1817 govt Kahn p.195 Colonel Decius Wadsworth produced a geared cipher disk with a different number of letters in the plain and cipher alphabets -- resulting in a progressive cipher in which alphabets are used irregularly, depending on the plaintext used.
1854 civ Kahn p.198 Charles Wheatstone invented what has become known as the Playfair cipher, having been publicized by his friend Lyon Playfair. This cipher uses a keyed array of letters to make a digraphic cipher which is easy to use in the field. He also re-invented the Wadsworth device and is known for that one.
1857 civ Kahn p.202 Admiral Sir Francis Beaufort's cipher (a variant of what's called ``Vigenère'') was published by his brother, after the admiral's death in the form of a 4x5 inch card.
1859 civ Kahn p.203 Pliny Earle Chase published the first description of a fractionating (tomographic) cipher.
1854 civ Cryptologia v.5 No.4 pp.193-208 Charles Babbage seems to have re-invented the wheel cipher.
1861-1980 civ Deavours
``A study of United States patents from the issuance of the first cryptographic patent in 1861 through 1980 identified 1,769 patents which are primarily related to cryptography.'' [p.1]
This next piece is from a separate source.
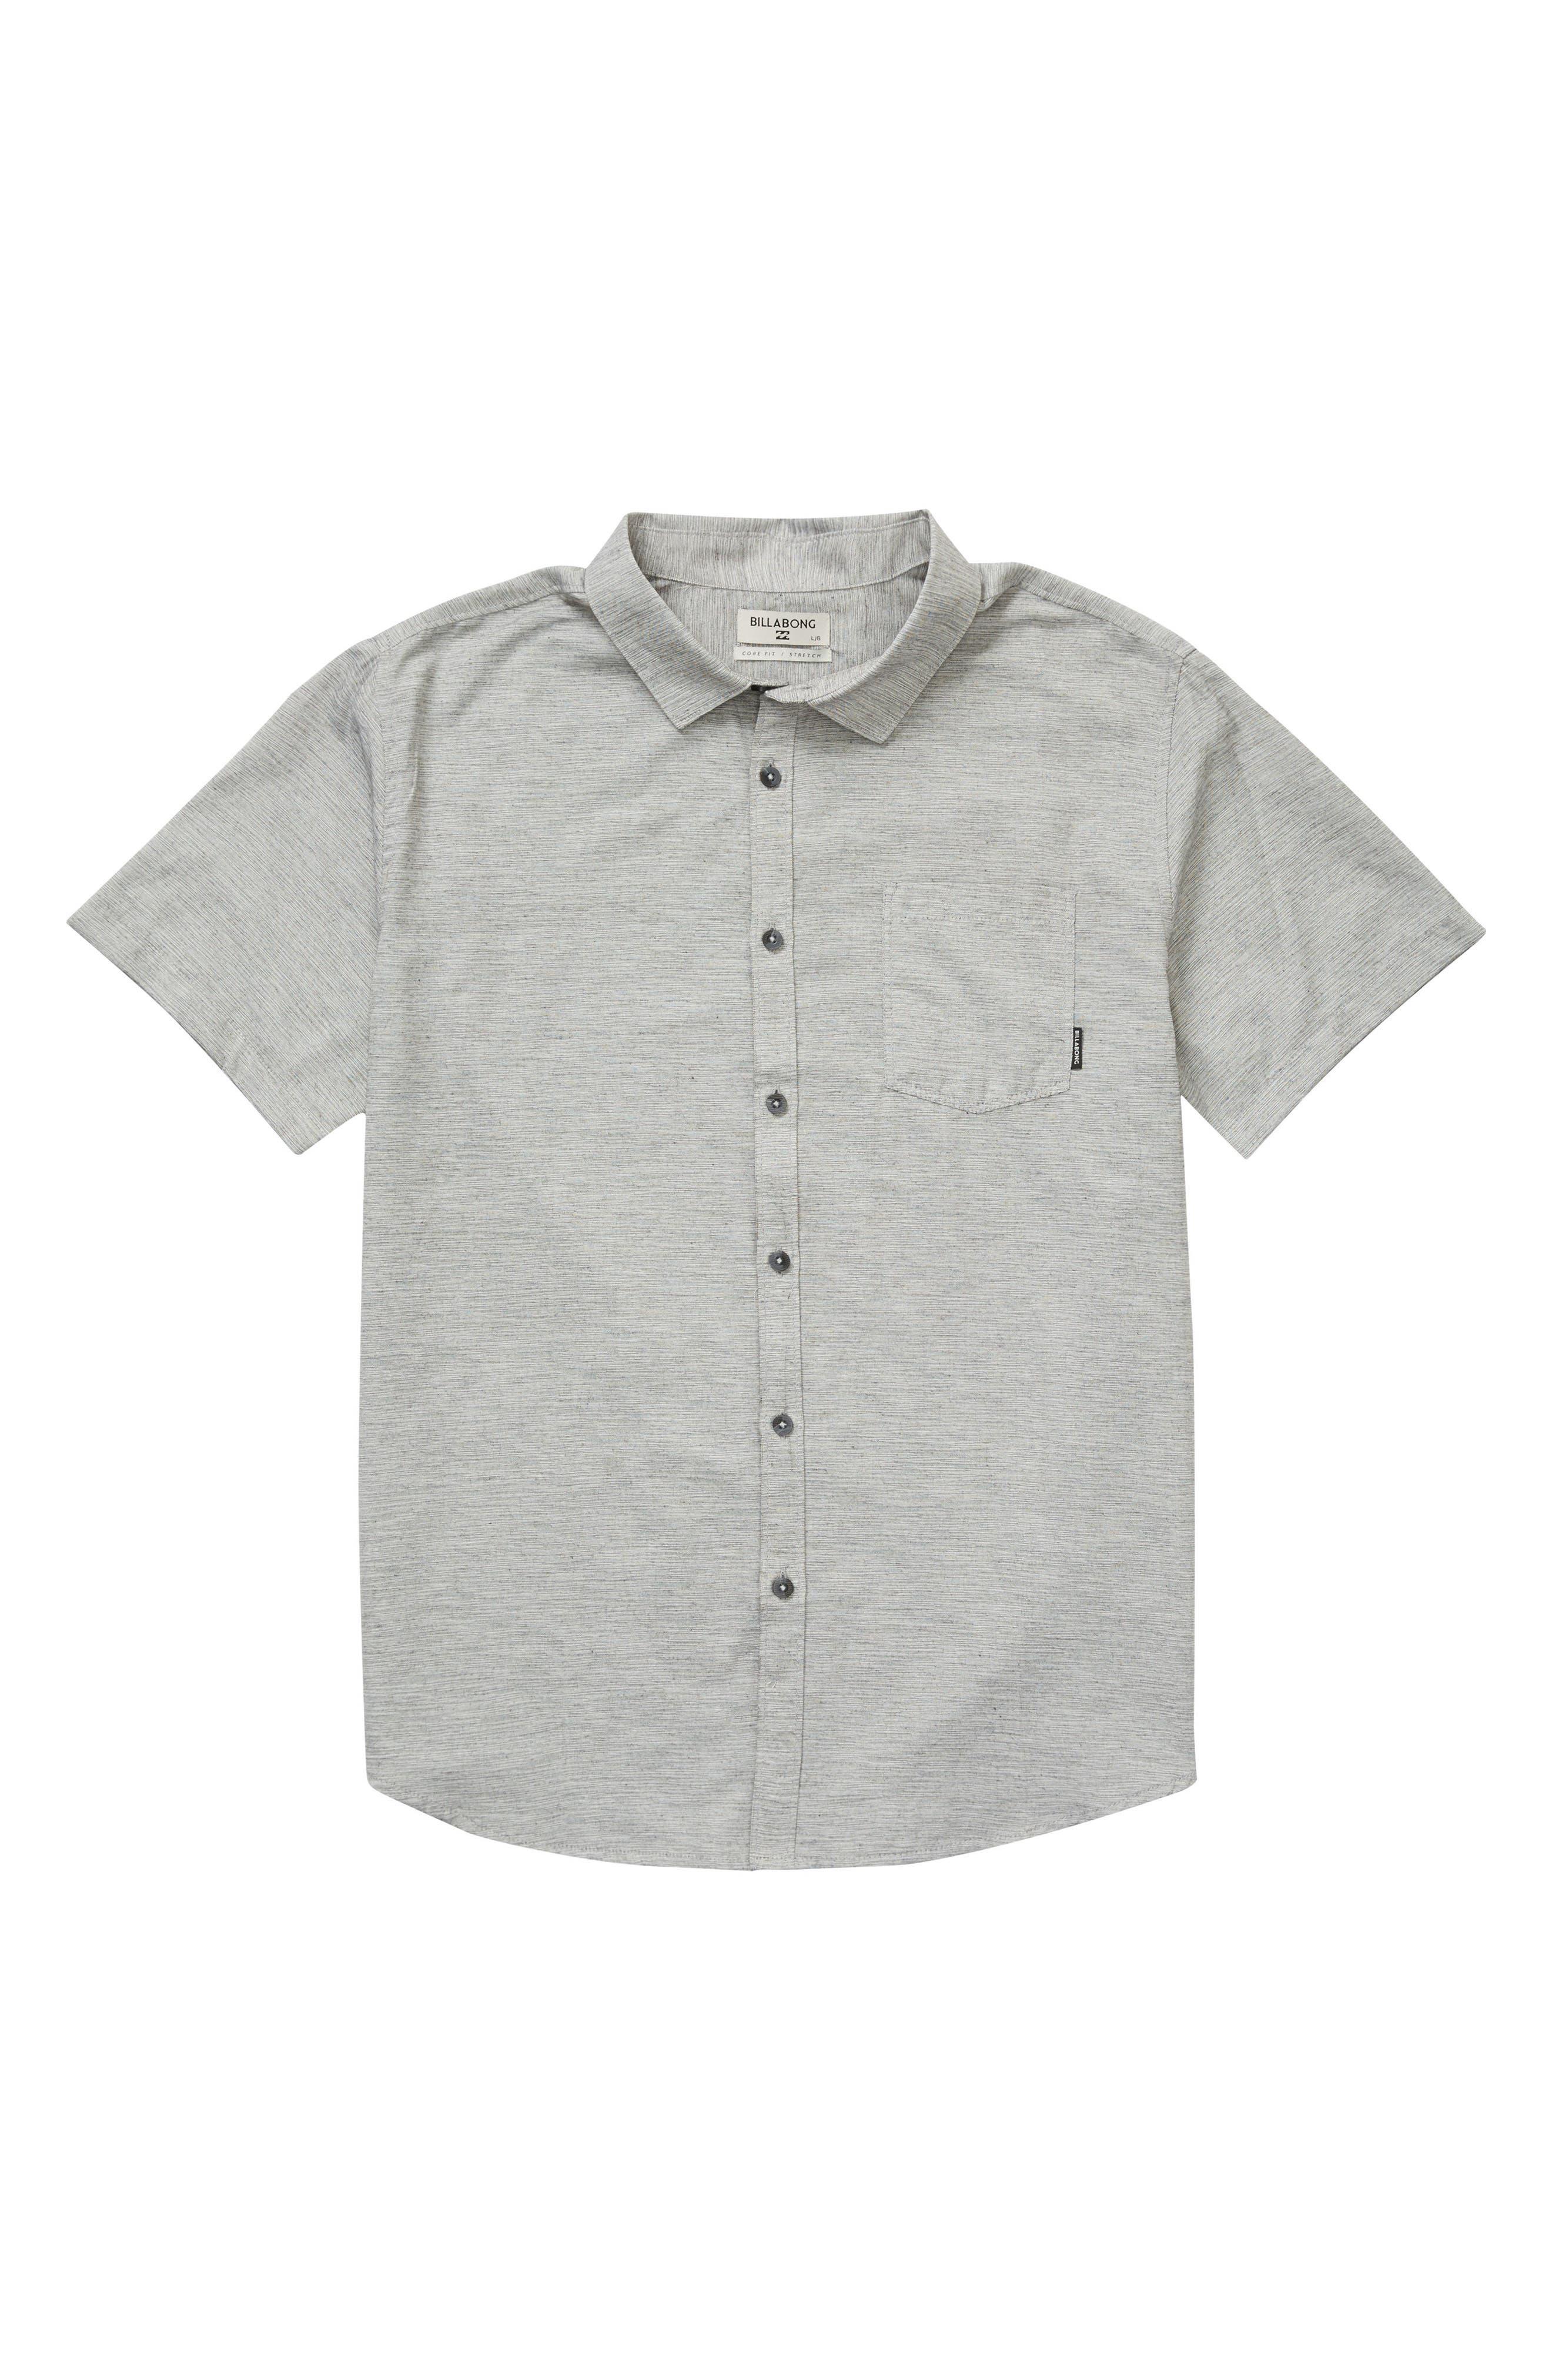 Alternate Image 1 Selected - Billabong All Day Helix Woven Shirt (Big Boys)

1861 civ/(govt) Kahn p.207 Friedrich W. Kasiski published a book giving the first general solution of a polyalphabetic cipher with repeating passphrase, thus marking the end of several hundred years of strength for the polyalphabetic cipher.
1861-5 govt Kahn p.215 During the Civil War, possibly among other ciphers, the Union used substitution of select words followed by word columnar-transposition while the Confederacy used Vigenère (the solution of which had just been published by Kasiski).